Use Apache Spark in Azure Databricks


One of the benefits of Spark is support for a wide range of programming languages, including Java, Scala, Python, and SQL; making Spark a very flexible solution for data processing workloads including data cleansing and manipulation, statistical analysis and machine learning, and data analytics and visualization. Azure Databricks is built on Apache Spark and offers a highly scalable solution for data engineering and analysis tasks that involve working with data in files.


Step 1. Setup Azure Databricks Workspace and open notebook

Steps are available: https://saurabhsinhainblogs.blogspot.com/2024/01/azure-databricks-lab-how-to-start-with.html

  • Connect to Azure Portal
  • Setup Azure Datbricks
  • Setup Cluster for Azure Databricks
  • Open Notebook


Step 2. Prepare data to consume

Shell commands can also use to download data files from GitHub into the Databricks file system (DBFS)

Code:

%sh
 rm -r /dbfs/spark_lab
 mkdir /dbfs/spark_lab
 wget -O /dbfs/spark_lab/2019.csv https://raw.githubusercontent.com/MicrosoftLearning/mslearn-databricks/main/data/2019.csv
 wget -O /dbfs/spark_lab/2020.csv https://raw.githubusercontent.com/MicrosoftLearning/mslearn-databricks/main/data/2020.csv
 wget -O /dbfs/spark_lab/2021.csv https://raw.githubusercontent.com/MicrosoftLearning/mslearn-databricks/main/data/2021.csv




Step 3. Load the data frame and view the data


Data is loaded and visible here but
  • Data doesn't include the column headers
  • Information about the data types is missing

Code:
df = spark.read.load('spark_lab/*.csv', format='csv')
display(df.limit(100))

Load the data frame and view the data in Azure Databricks













Step 3. Define a schema for the data frame

Observe that this time, our below problems are solved

  • The data frame includes column headers
  • Information about the data types is also available


Code:

from pyspark.sql.types import *
from pyspark.sql.functions import *
orderSchema = StructType([
     StructField("SalesOrderNumber", StringType()), StructField("SalesOrderLineNumber", IntegerType()), StructField("OrderDate", DateType()),
     StructField("CustomerName", StringType()),  StructField("Email", StringType()),  StructField("Item", StringType()),
     StructField("Quantity", IntegerType()),  StructField("UnitPrice", FloatType()), StructField("Tax", FloatType())  ])
df = spark.read.load('/spark_lab/*.csv', format='csv', schema=orderSchema)
display(df.limit(100))

df.printSchema()


Pyspark define schema













print datatyping spark databricks














Step 4. Filter a data frame

  • Filter the columns of the sales orders data frame to include only the customer name and email address.
    • When you perform an operation on a data frame, the result is a new data frame (in this case, a new customer data frame is created by selecting a specific subset of columns from the df data frame)
    • The dataframe['Field1', 'Field2', ...] syntax is a shorthand way of defining a subset of column. You can also use select method, so the first line of the code above could be written as customers = df.select("CustomerName", "Email")
  • Count the total number of order records
  • Count the number of distinct customers
  • Display the distinct customers
    • Dataframes provide functions such as count and distinct that can be used to summarize and filter the data they contain.


            Code: 

            customers = df['CustomerName', 'Email']
            print(customers.count())
            print(customers.distinct().count())
            display(customers.distinct())

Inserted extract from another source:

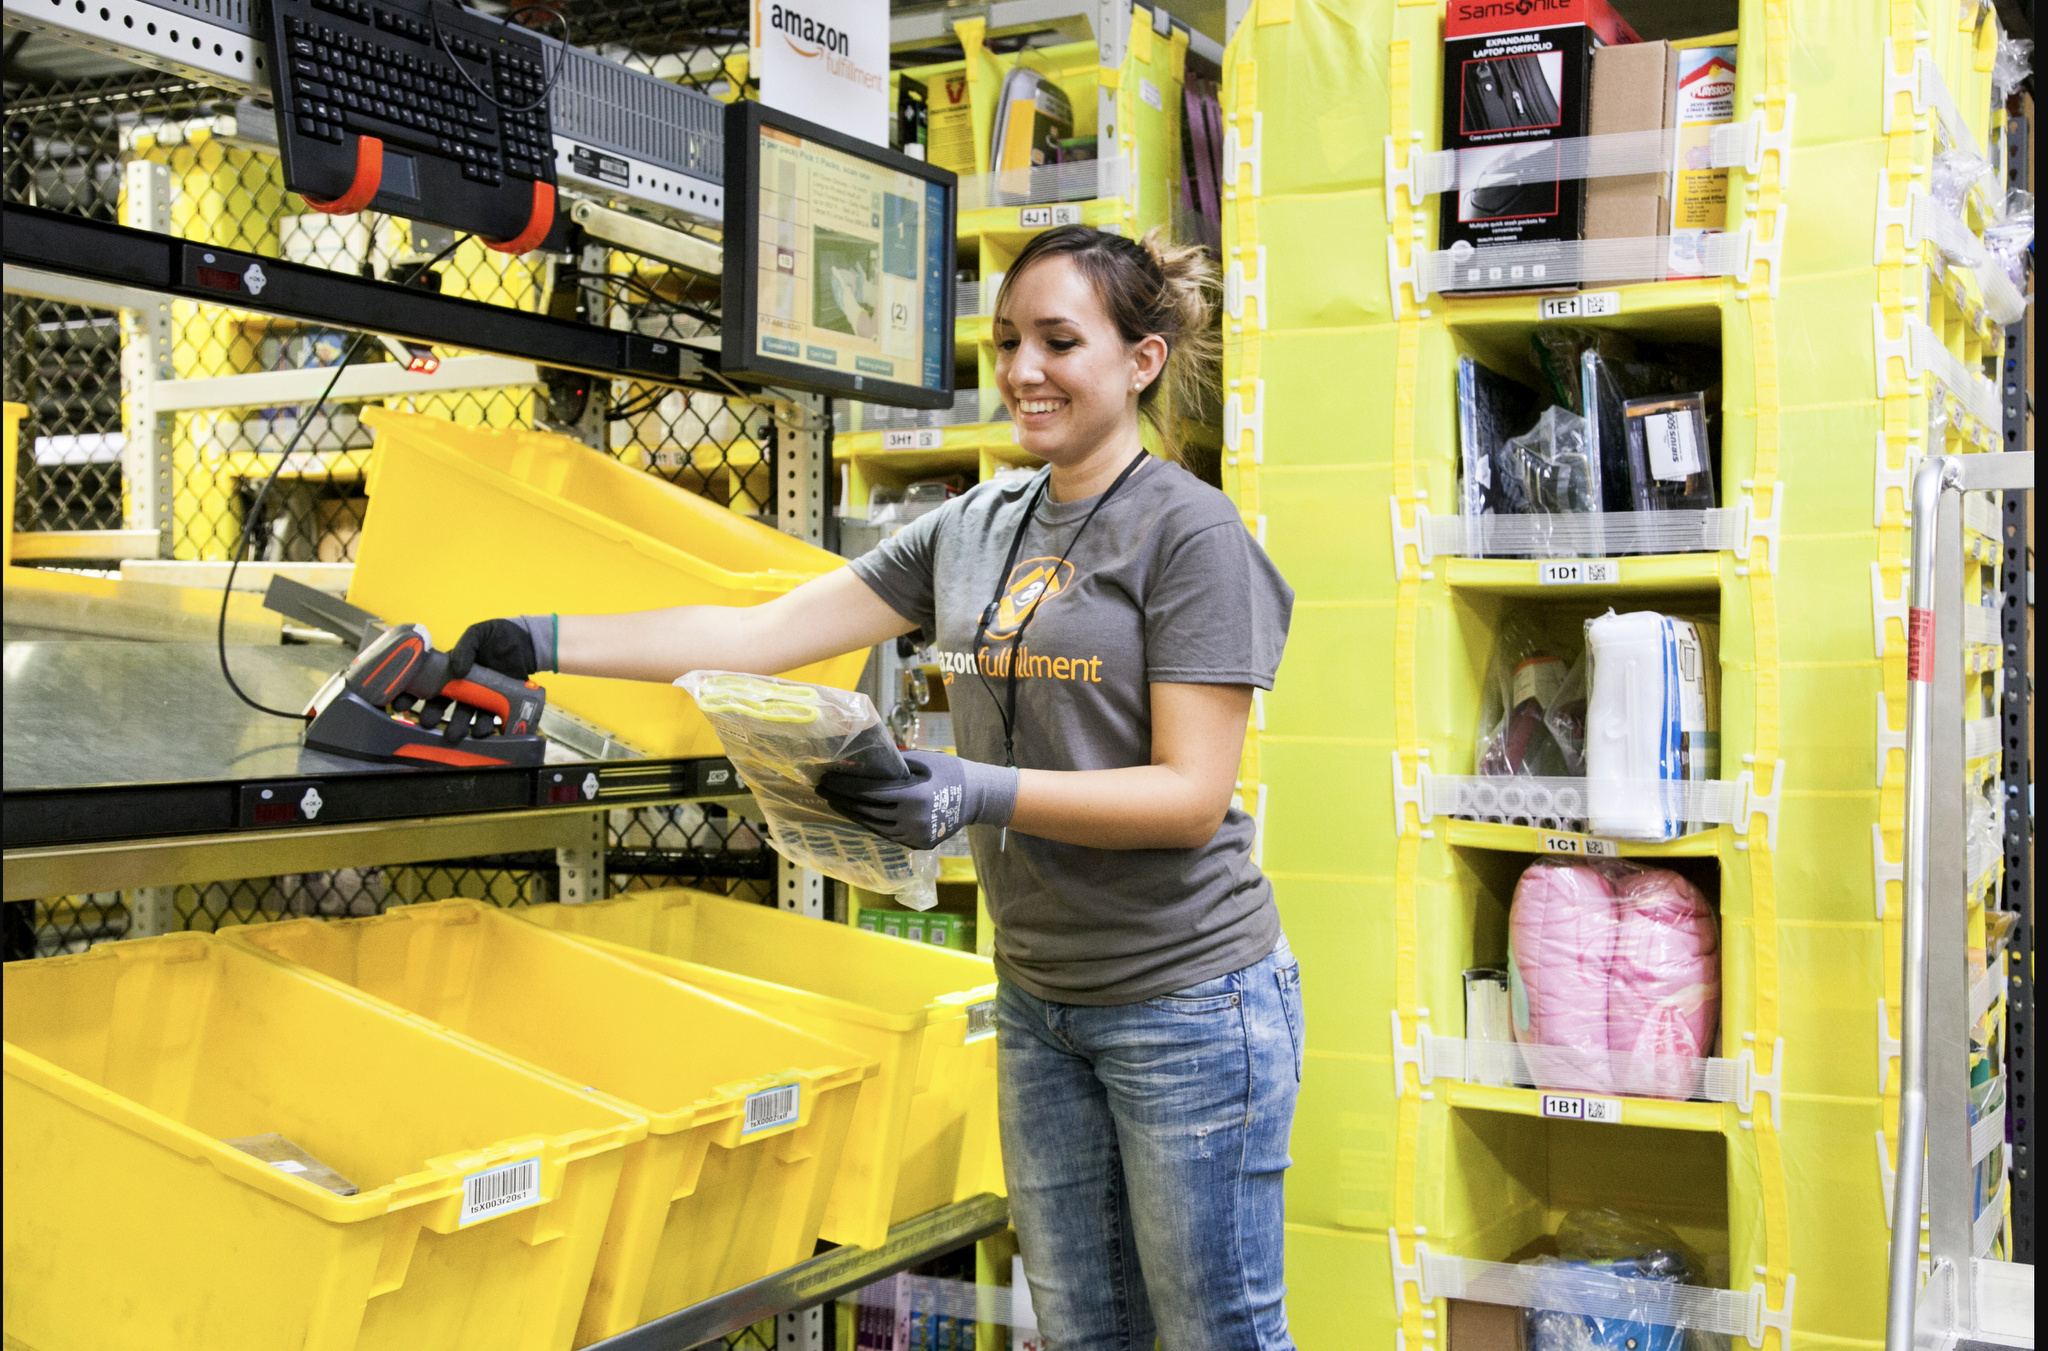 An employee picking at an Amazon fulfillment center.

            Filter a dataframe

            Let’s apply a filter to include only the customers who have placed an order for a specific product by running the following code
            Code:

            customers = df.select("CustomerName", "Email").where(df['Item']=='Road-250 Red, 52')
            print(customers.count())
            print(customers.distinct().count())
            display(customers.distinct())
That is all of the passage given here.